I was in Wal-Mart looking for it.

“I don’t understand” said Nikki, “Why get her a Christmas present when she might not be here?”

I gave her a look of disgust and continued my search. She backed off and followed from a distance. After walking up and down the various aisles for forty-five minutes, there it sat on a shelf surrounded by the red and silver tinsel. It was beautiful. Two angels perched on the side with doves in their hands. One angel stood in the middle of the globe and glitter sparkled around it as if heaven’s rays dusted upon it t to say”this is it.” I grabbed the box it was in as if I touched it in the wrong place it would shatter. It was the most beautiful angel globe I had seen. After all, my Granny deserved only the best. Nikki, not saying a word, just shook her head at the cash register.
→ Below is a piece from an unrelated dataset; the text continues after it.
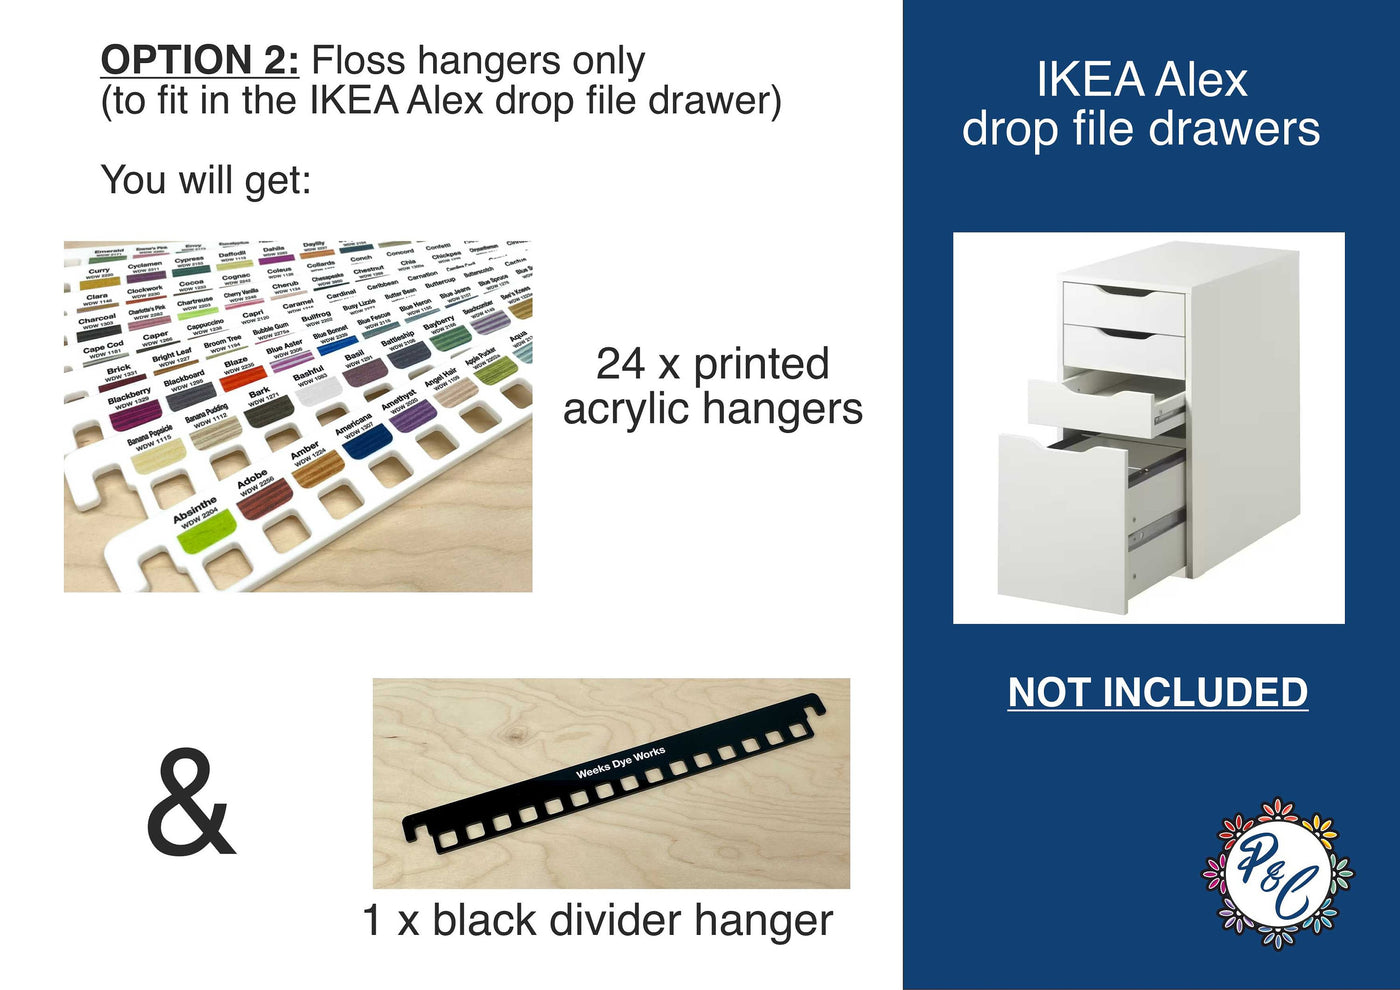 Weeks Dye Works Floss hangers with x353 printed swatches - x24 acrylic hangers | NO floss or storage included

While wrapping the globe in my room. My mother entered and found Christmas paper and bows all over my floor. “Are you taking it to her today?” My mother said looking hopeful. “I figured I would wait for Christmas,” I replied. Changing the look of hope to a look of sorrow, my mother passed the barrier of the threshold children have on their rooms concerning their parents and sat on the bed.

“She may not be with us on Christmas day, Melinda”. I sat the red ribbon and scissors down on the floor beside my leg. Sitting there I stared off into space continuing to think of the many times I had crawled into my Granny’s bed in the middle of the night, sat on my knees beside her while praying for the next day to be better for everyone than the last, going to church and her showing me off to everyone she could talk to.

“She’s very sick, you know that.”

I turned to my mother and said, “She will be okay.”

Disappointed, ,my mother got up and walked to my door, turned around and said ”You will take that present to Baptist hospital today and you will tell your grandmother you love her. She asks about you constantly and you don’t have the common decency to go see her on her death bed... You are that woman’s world and everything in it.. I expected more from you.”

I said nothing and finished wrapping the globe with tears covering the paper.

I waited in the parking lot hesitating to approach the double doors. Five minutes after seven, I pressed the arrow button to the elevator to the third floor. I watched a married couple walk off the elevator with the smallest form of human life possible. A human so tiny, so vulnerable, and so full of life was born less than a day before I had arrived and I know they loved their child just as much, yet no more than I loved my Granny. But I knew I wouldn’t be leaving with my pride and joy.

I walked to the room 312. I stood in the doorway for a minute, soaking up the aroma of needles, mediciane and sheets of cleanliness. Present in hand, I slowly walked to find my Aunt Barbara hovered over my granny as if she was waiting for her to jump out of the bed. I knew this wasn’t going to happen because of the amount of morphine the doctor had her on but I always say that “wishful thinkin’ never hurt nobody.” I smiled at my Granny, encouraging her not to look upset as she did the last time I had seen her. I could tell she was looking at me even though she couldn’t move her head due to the medications the doctor had her on. Fighting the tears, I strained myself to move towards the left side of her bed. “She is too weak to open it herself” said my Aunt Barbara.

I sat the package down on the table beside the pillow under her head. I untied the red bow covering the card and the wrapping with snowmen dancing in the snow. I opened the card and sat down beside the rest of the Christmas cards. She turned her head in anticipation to see what I had for her. I looked over.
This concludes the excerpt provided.